Are we gloating over the 5-9 knicks with the highest payroll in the league??I cant imagine what you are going to be like if they are a .500 team....

It used to be winning your division was an accomplishment..Now its going 5-9


----------



## HKF (Dec 10, 2002)

Are you going to do this after every game Rashidi?  

Though tonight was a good win over Boston.


----------



## Perennial All Star (Aug 13, 2003)

yes all of us lets praise spoon,anderson,eisley and harrington for a couple of games!


----------



## Rashidi (Oct 2, 2003)

> It used to be winning your division was an accomplishment..Now its going 5-9


I will be content with 32-50. That should at least get the Knicks the 6th seed this year, although if they can muster together a 40-42 season, that will probably be good enough to make them 2nd in the east, the way the atlantic division is turning out.


----------



## HKF (Dec 10, 2002)

32-50 is not getting you in the playoffs.

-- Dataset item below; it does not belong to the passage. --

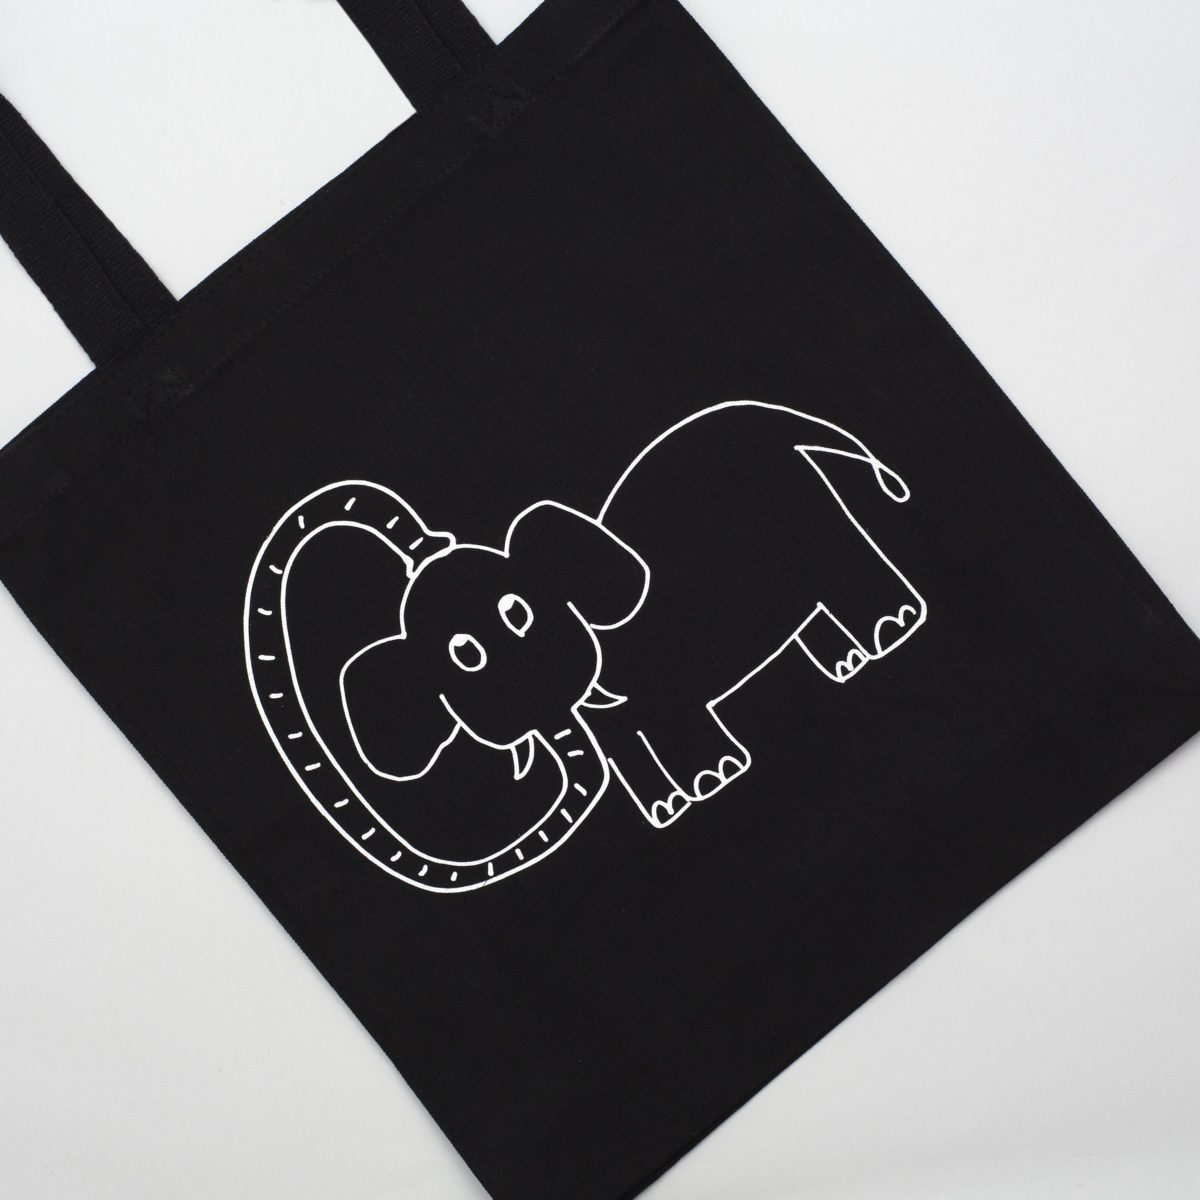 Ken Kagami-designed tote bag for Elephant

If it does, I might not even watch the Eastern Conference Playoffs.


----------



## Jmonty580 (Jun 20, 2003)

Maybe now Anderson's trade value will go up and we could get rid of him for a shorter contract. Thats what we really need.


----------



## Phate01 (Jun 6, 2003)

I think you are all being kinda naieve. We won the last game yes and that rules but it doesn't start to make the players who performed in a couple of games any better players. You know Houston is returning in the next game and do you really think he's going to be that good then? Course not.


----------



## Phate01 (Jun 6, 2003)

Also I believe that the requirements to get into the play-offs in the east will be quite low this year considering the form a lot of them are in now.


----------



## Rashidi (Oct 2, 2003)

> We won the last game yes and that rules but it doesn't start to make the players who performed in a couple of games any better players


Which is exactly why we traded those scrubs! Now the Knicks can utilize REAL players like Matt Carroll and Rick Brunson!


----------



## truth (Jul 16, 2002)

*32 nd 50????????????????????/*

you will be satisfied with a 32 and 50 record????In the eastern conference??And that should qualify for 6th seed??

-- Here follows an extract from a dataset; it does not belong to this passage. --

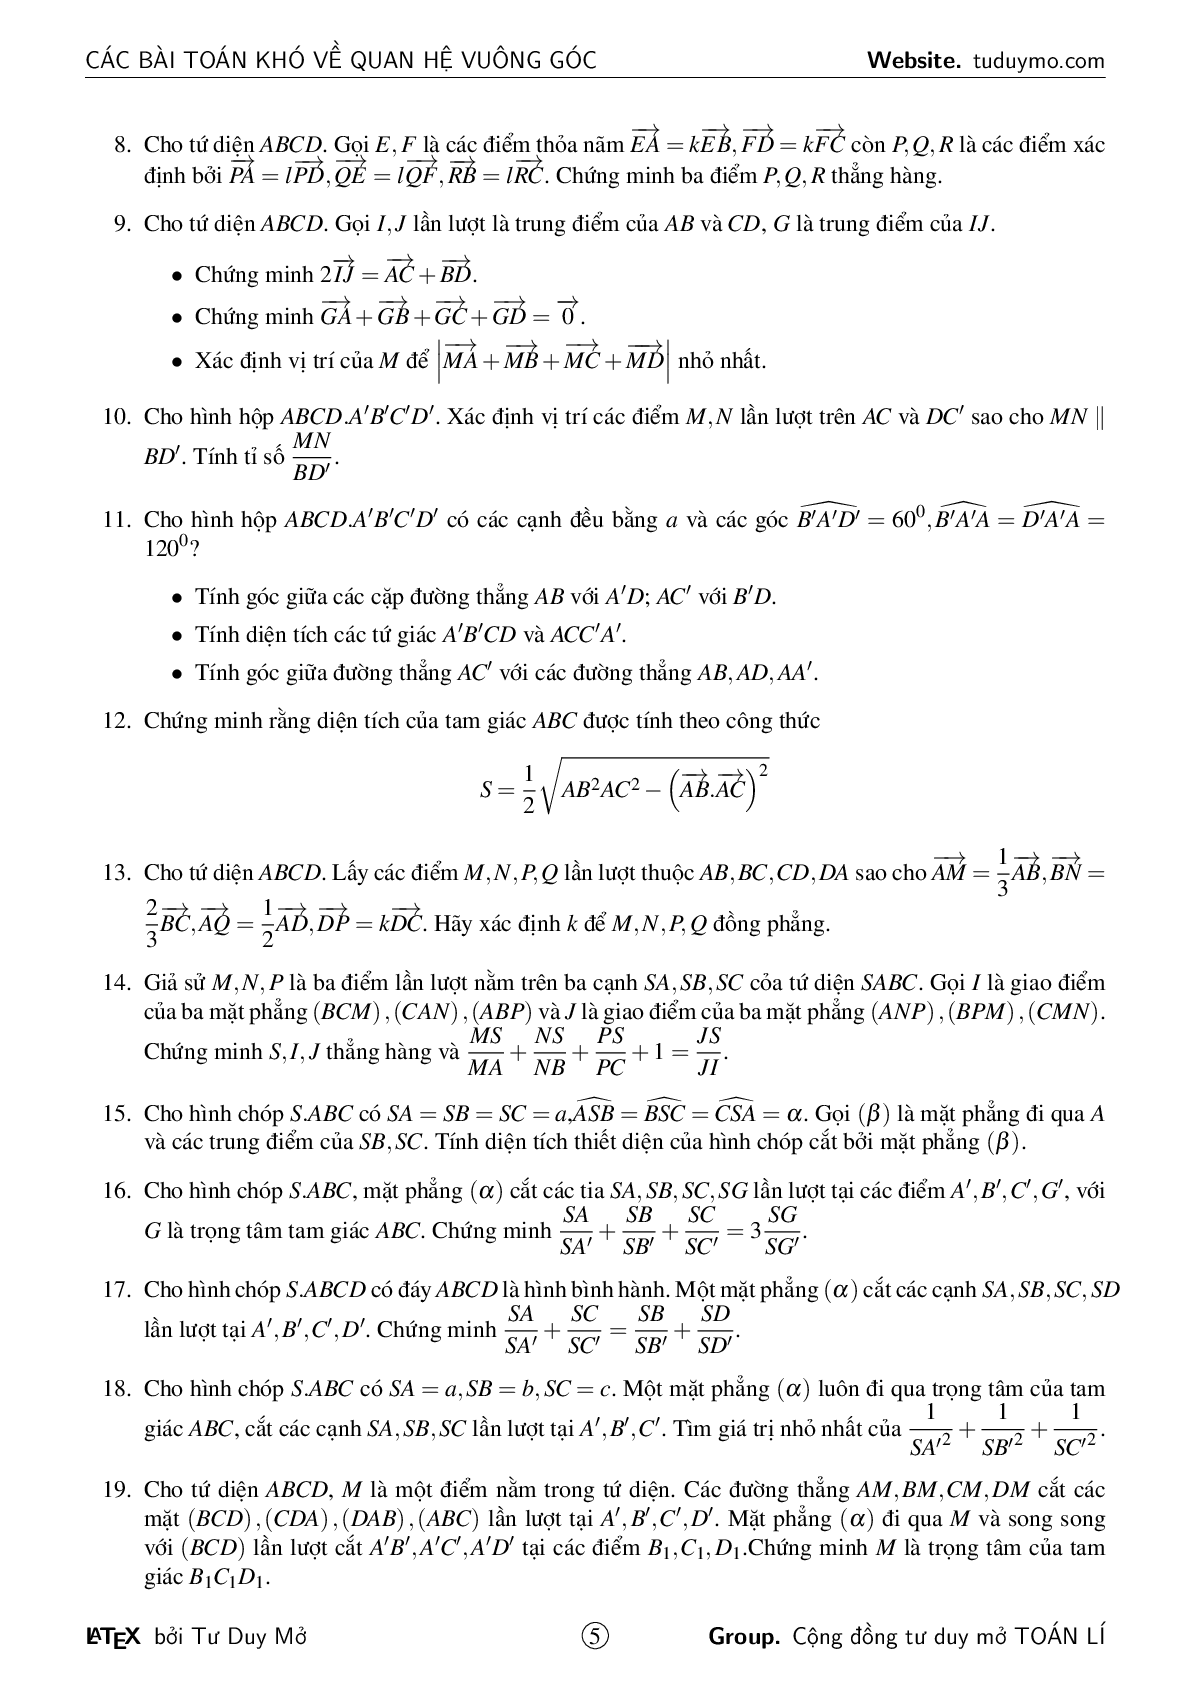 Các bài toán khó về quan hệ vuông góc (trang 5)

If we finish 32 and 50 and make the playoffs,i will never watch a Knick game again...

Not too mention we will get a crappy pick in the draft...

You must be a MET fan


----------



## truth (Jul 16, 2002)

*Rashidi,you are close*

At first I thought you were nuts when you said 32 and 50 would get you 6th seed in the playoffs...Then I crunched the numbers and found that that 32-50 = .392 winning percentage and would get you the 8th seed in the east...As unfathonable as it is,you can winn 39% of your games and make the playoffs in the east...Yikes


----------



## NYCbballFan (Jun 8, 2003)

Hey, I'm a Mets fan. 

Knicks have looked good in recent games. When Deke plays well, he and Kurt Thomas are a good defensive PF-C tandem. Without KVH and Houston, the players have just let themselves go on the floor and looked pretty good doing it.


----------



## HKF (Dec 10, 2002)

I'm a Mets fan too.


----------